• **YOUR ASSIGNMENT**
When you reach the line below that has "A Dominion Heavy", start returning lines exactly, and stop after the line that has "for maximum security"; skip the pictures.

• **DATA SHOWN**
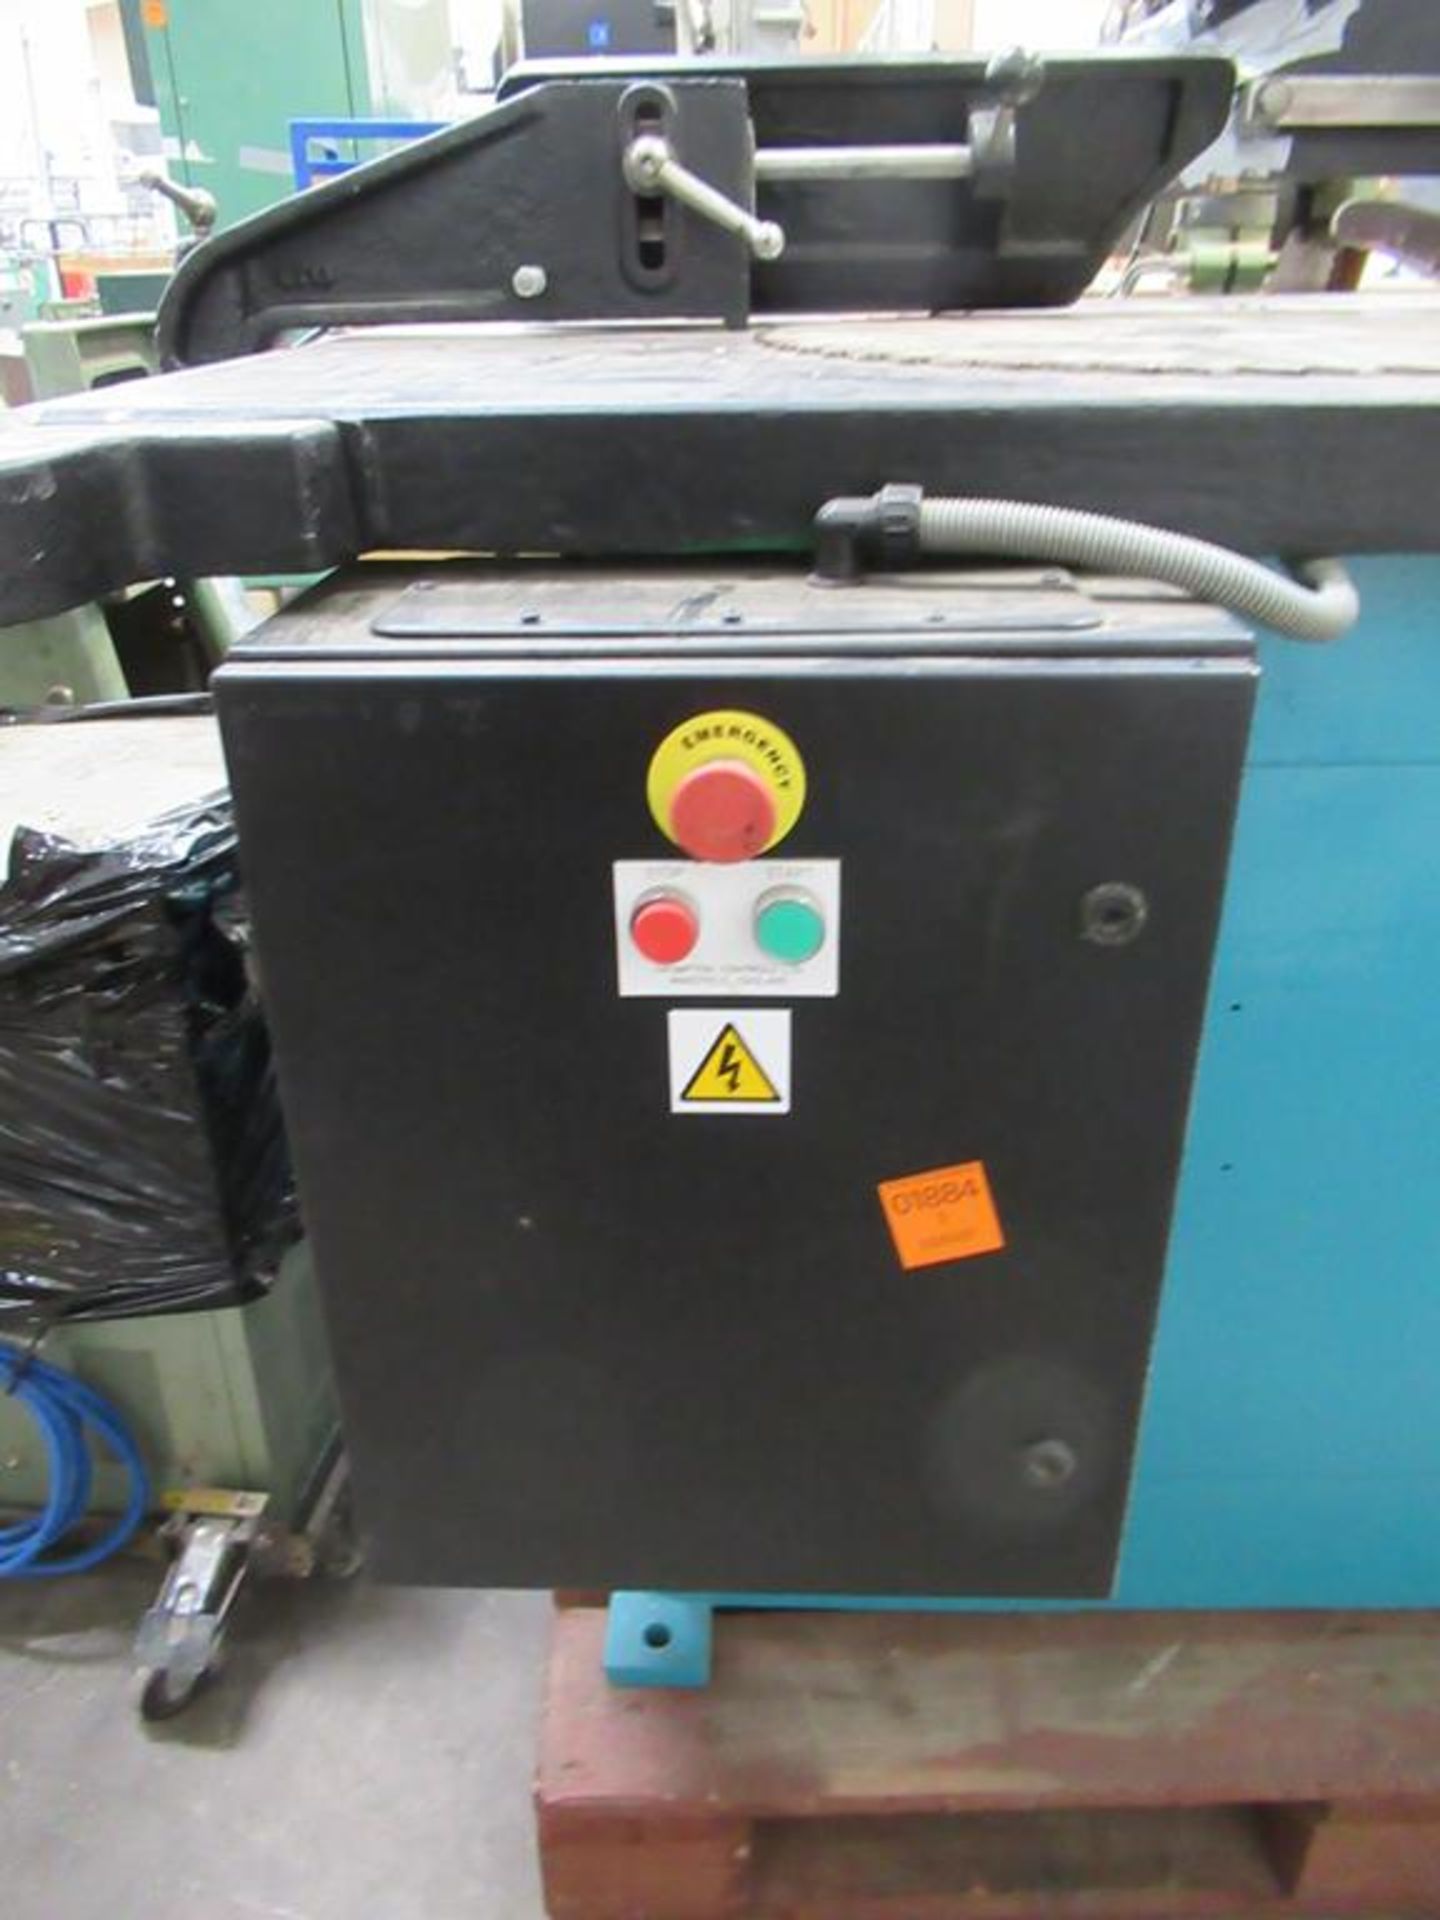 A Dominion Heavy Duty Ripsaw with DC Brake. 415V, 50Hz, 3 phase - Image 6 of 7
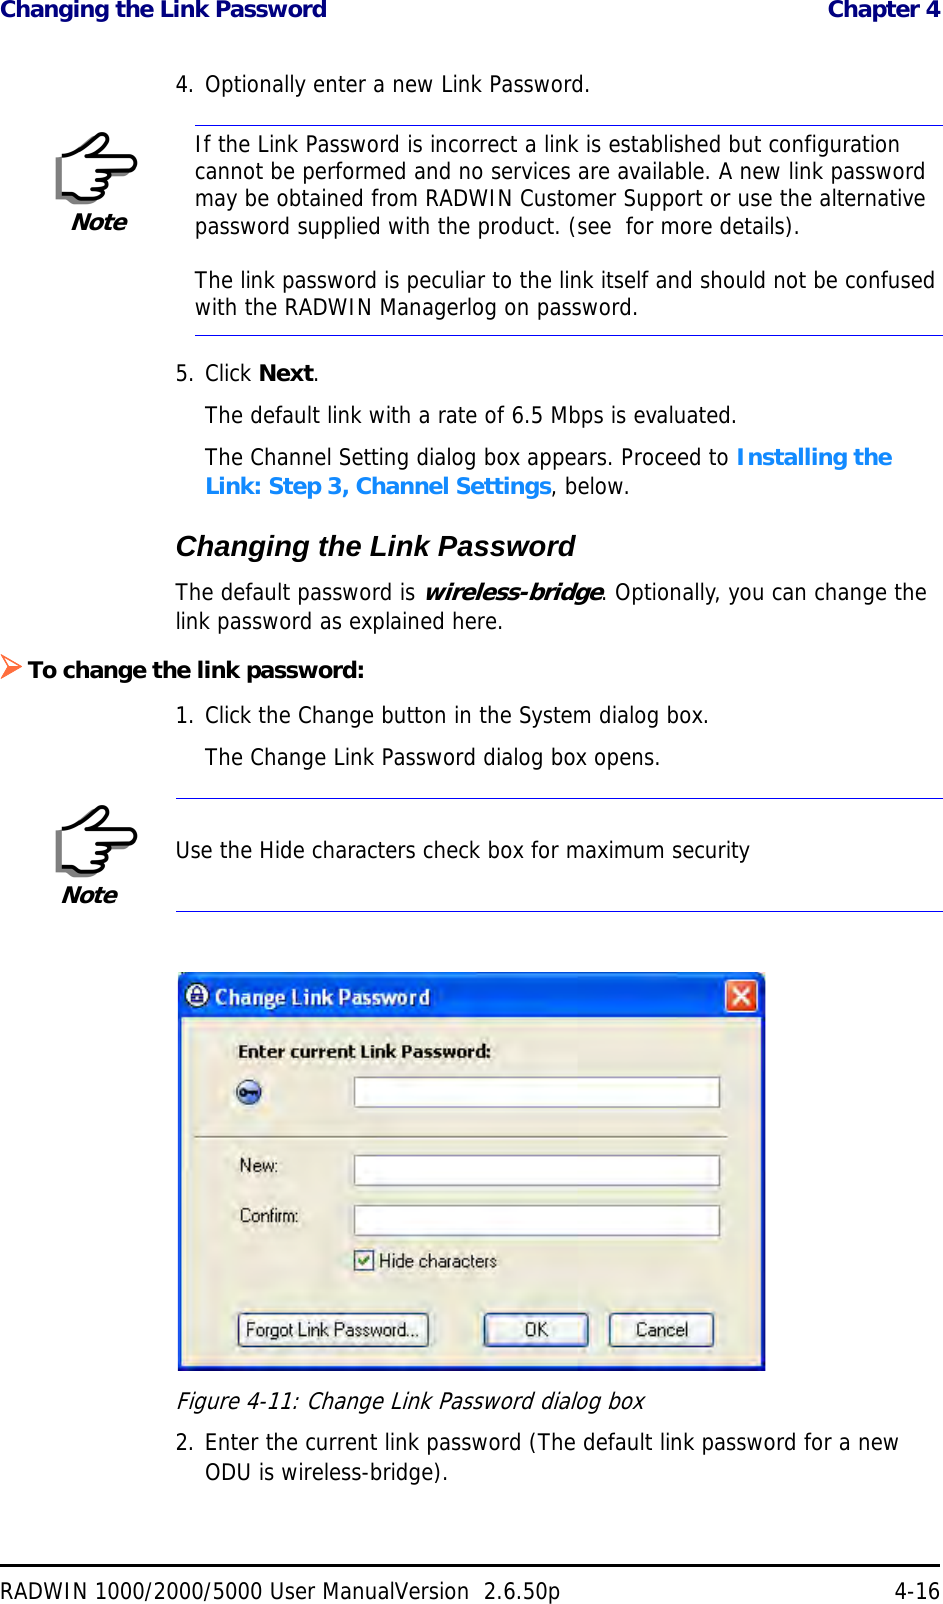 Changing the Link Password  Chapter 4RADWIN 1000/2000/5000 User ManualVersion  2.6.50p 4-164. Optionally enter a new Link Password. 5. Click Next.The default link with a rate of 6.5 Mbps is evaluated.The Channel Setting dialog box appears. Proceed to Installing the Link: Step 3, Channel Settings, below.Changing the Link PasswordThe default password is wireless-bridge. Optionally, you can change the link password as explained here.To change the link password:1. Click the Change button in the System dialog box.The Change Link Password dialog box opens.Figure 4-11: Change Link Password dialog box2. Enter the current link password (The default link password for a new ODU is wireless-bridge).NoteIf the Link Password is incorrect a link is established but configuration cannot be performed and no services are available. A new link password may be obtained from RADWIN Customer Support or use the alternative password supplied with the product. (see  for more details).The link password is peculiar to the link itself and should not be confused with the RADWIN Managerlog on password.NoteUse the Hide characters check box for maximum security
--
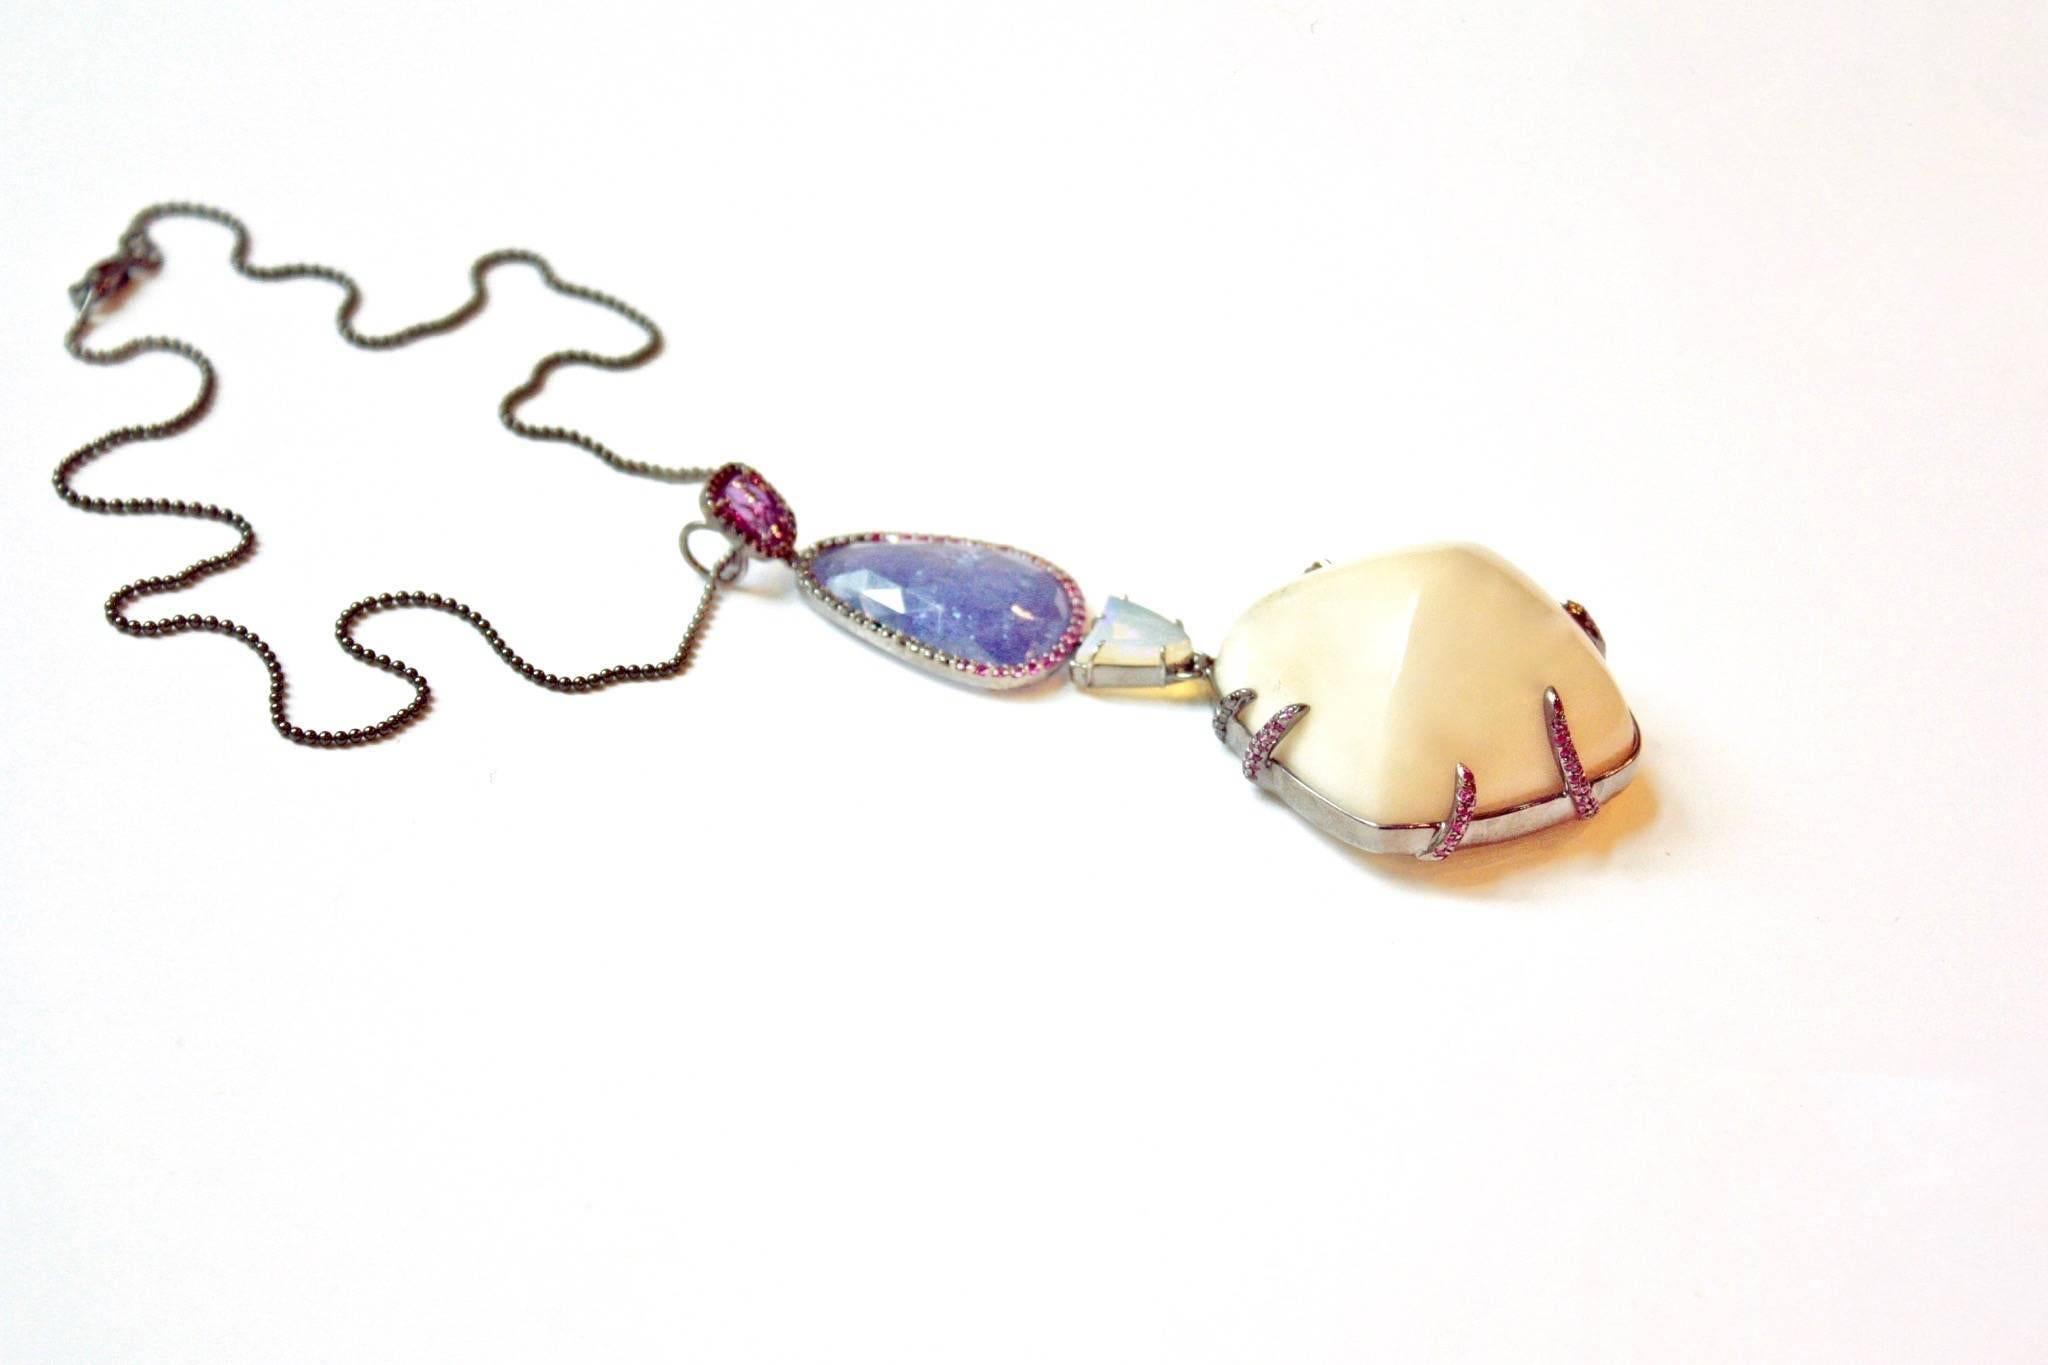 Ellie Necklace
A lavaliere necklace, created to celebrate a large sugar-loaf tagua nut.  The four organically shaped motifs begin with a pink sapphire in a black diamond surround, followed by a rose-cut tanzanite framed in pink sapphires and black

• **FINISHED EXERCISE**
 A Dominion Heavy Duty Ripsaw with DC Brake. 415V, 50Hz, 3 phase - Image 6 of 7
 Changing the Link Password  Chapter 4RADWIN 1000/2000/5000 User ManualVersion  2.6.50p 4-164. Optionally enter a new Link Password. 5. Click Next.The default link with a rate of 6.5 Mbps is evaluated.The Channel Setting dialog box appears. Proceed to Installing the Link: Step 3, Channel Settings, below.Changing the Link PasswordThe default password is wireless-bridge. Optionally, you can change the link password as explained here.To change the link password:1. Click the Change button in the System dialog box.The Change Link Password dialog box opens.Figure 4-11: Change Link Password dialog box2. Enter the current link password (The default link password for a new ODU is wireless-bridge).NoteIf the Link Password is incorrect a link is established but configuration cannot be performed and no services are available. A new link password may be obtained from RADWIN Customer Support or use the alternative password supplied with the product. (see  for more details).The link password is peculiar to the link itself and should not be confused with the RADWIN Managerlog on password.NoteUse the Hide characters check box for maximum security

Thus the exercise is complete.